TASK REQUIREMENTS.
All of the data must be written out verbatim, with pictures excluded.

#### EXTRACTED DATA

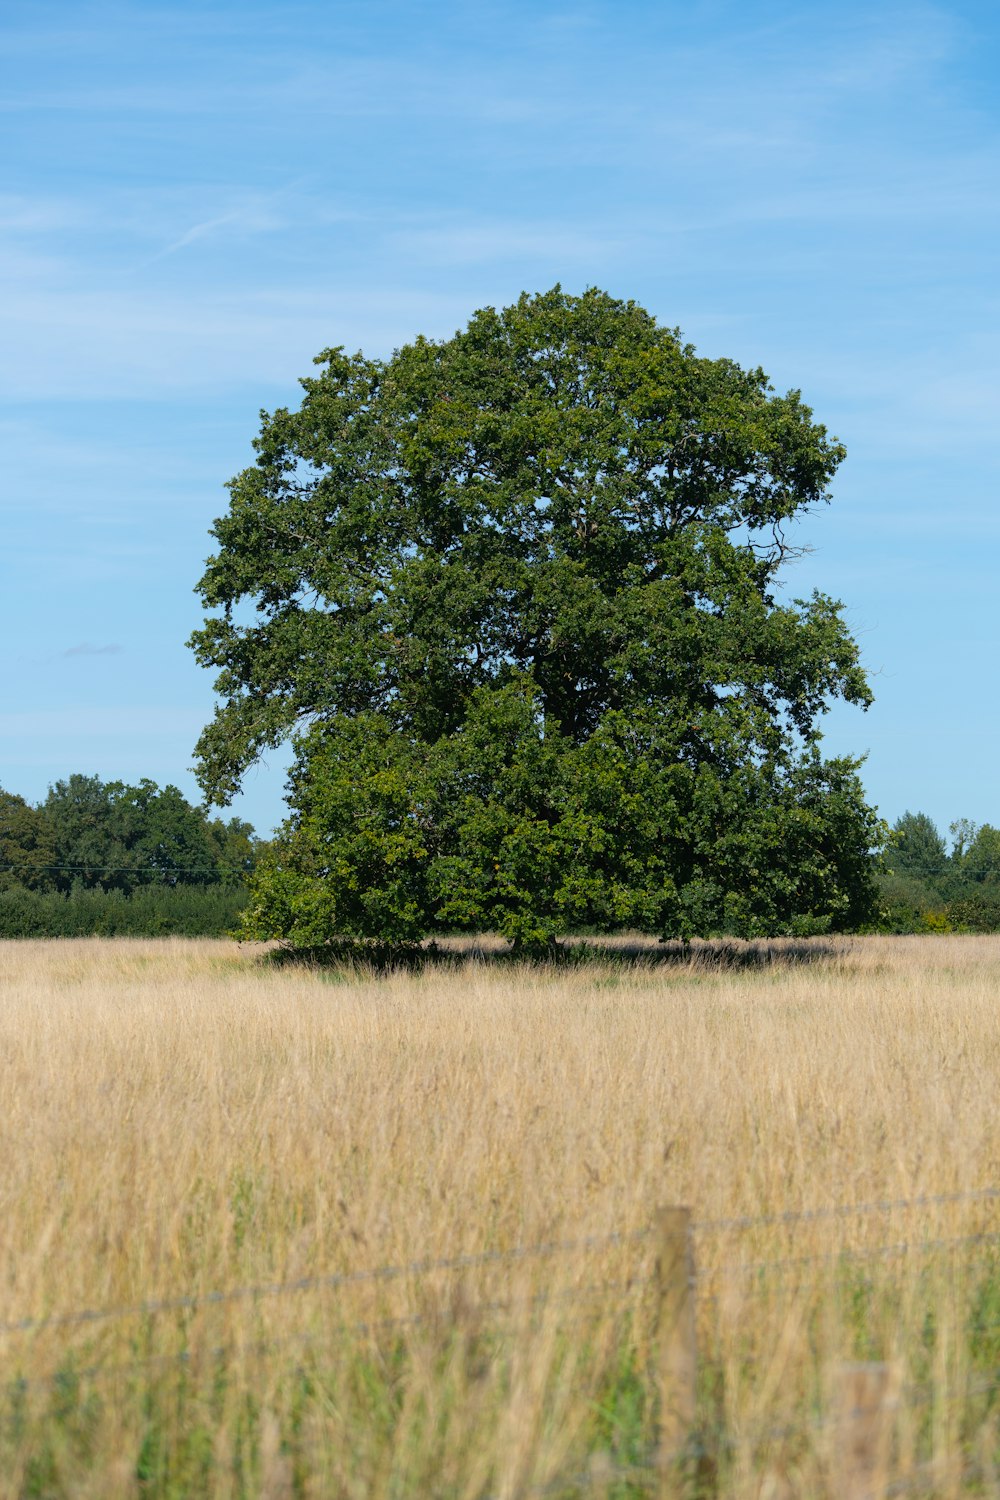 a lone tree in a field of tall grass
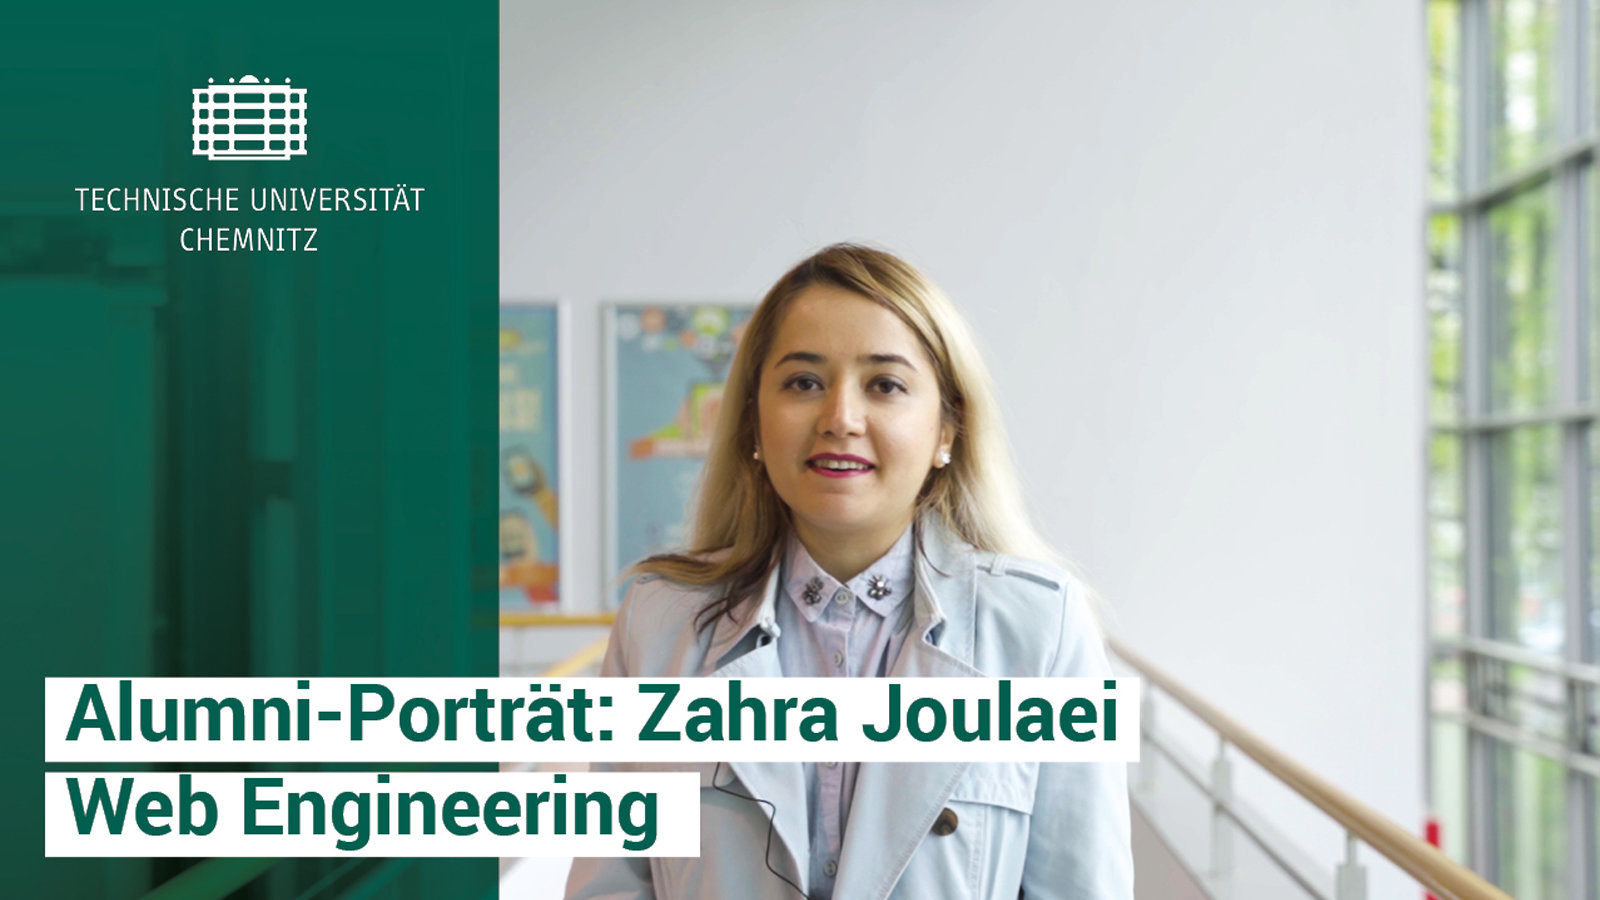 Portrait of Zahra Joulaei
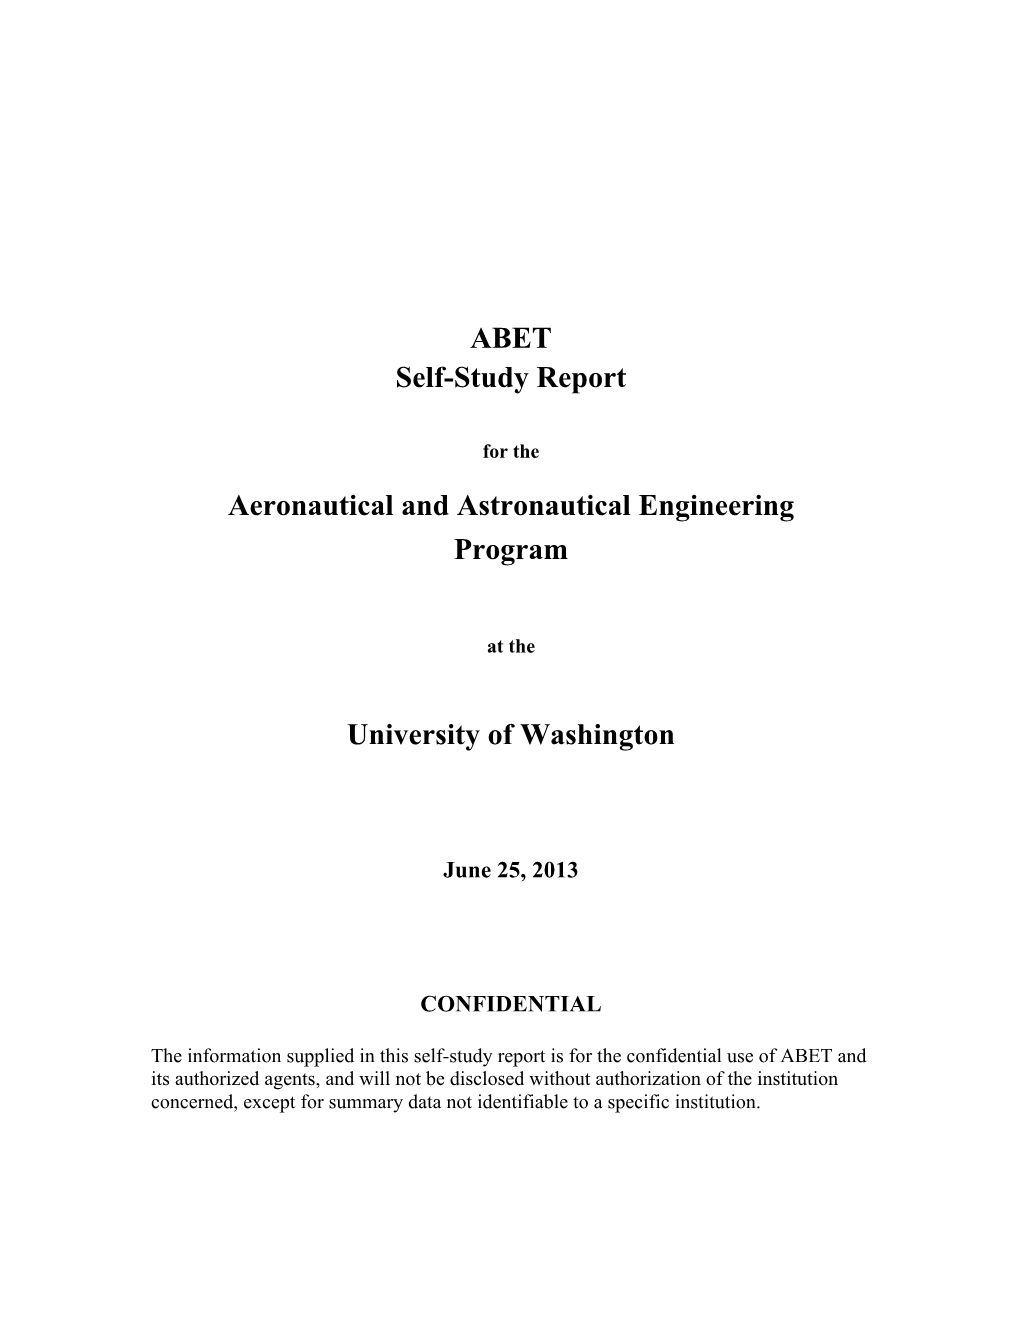 ABET Self-Study Report Aeronautical and Astronautical Engineering
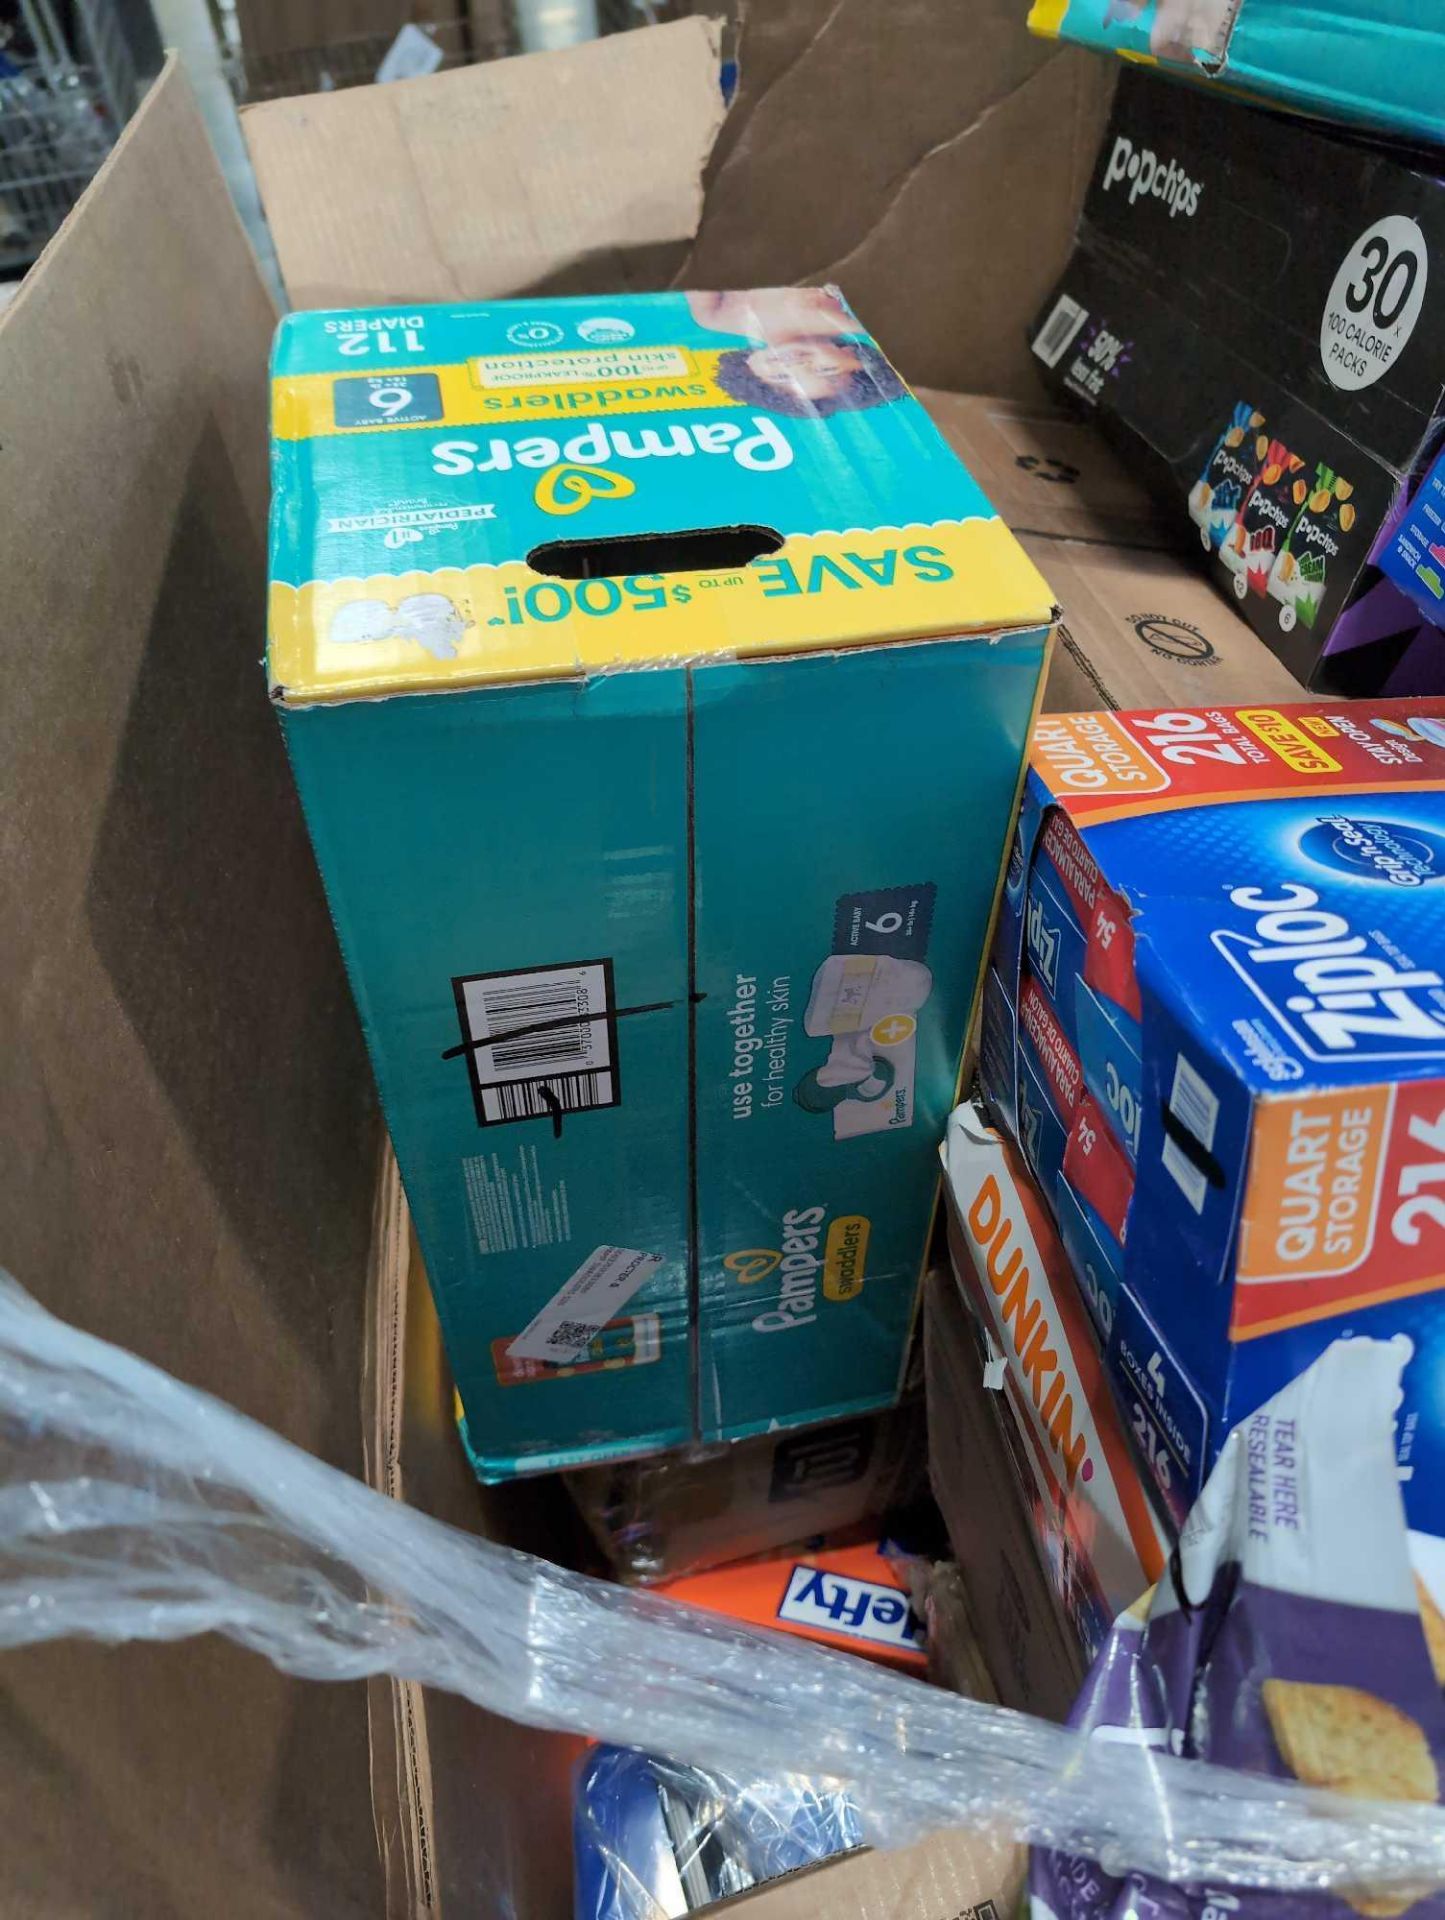 Big box store in a box: Nutrigrain, Soft hands, ziplic, popchips, dishwasher detergent, croutons, Ke - Image 9 of 14
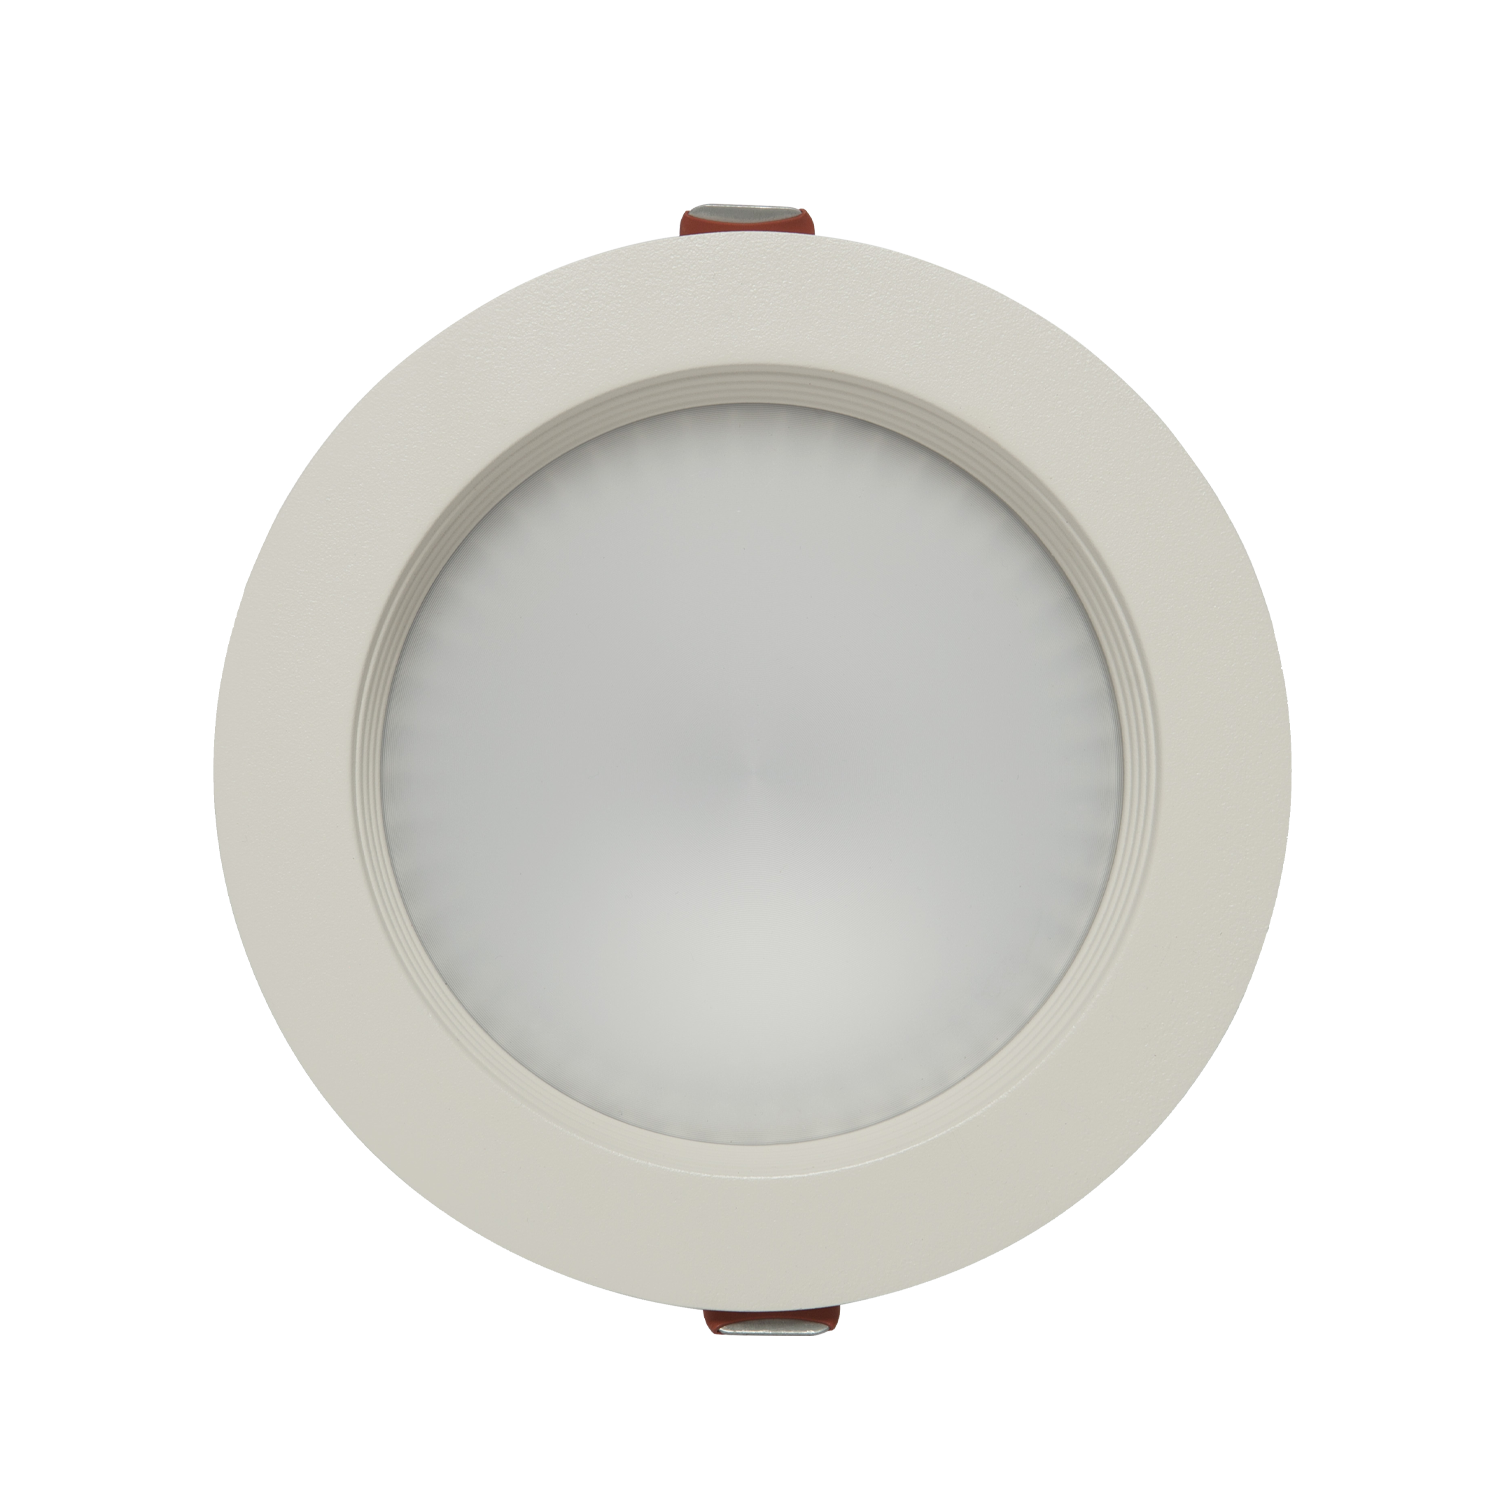 Luminaria LED de empotrar en techo blanco 10 W 100-277 V~ 4 000 K, TL-4440.B40

########

TASK SOLUTION.
 a lone tree in a field of tall grass
 Portrait of Zahra Joulaei
 ABET Self-Study Report Aeronautical and Astronautical Engineering
 Big box store in a box: Nutrigrain, Soft hands, ziplic, popchips, dishwasher detergent, croutons, Ke - Image 9 of 14
 Luminaria LED de empotrar en techo blanco 10 W 100-277 V~ 4 000 K, TL-4440.B40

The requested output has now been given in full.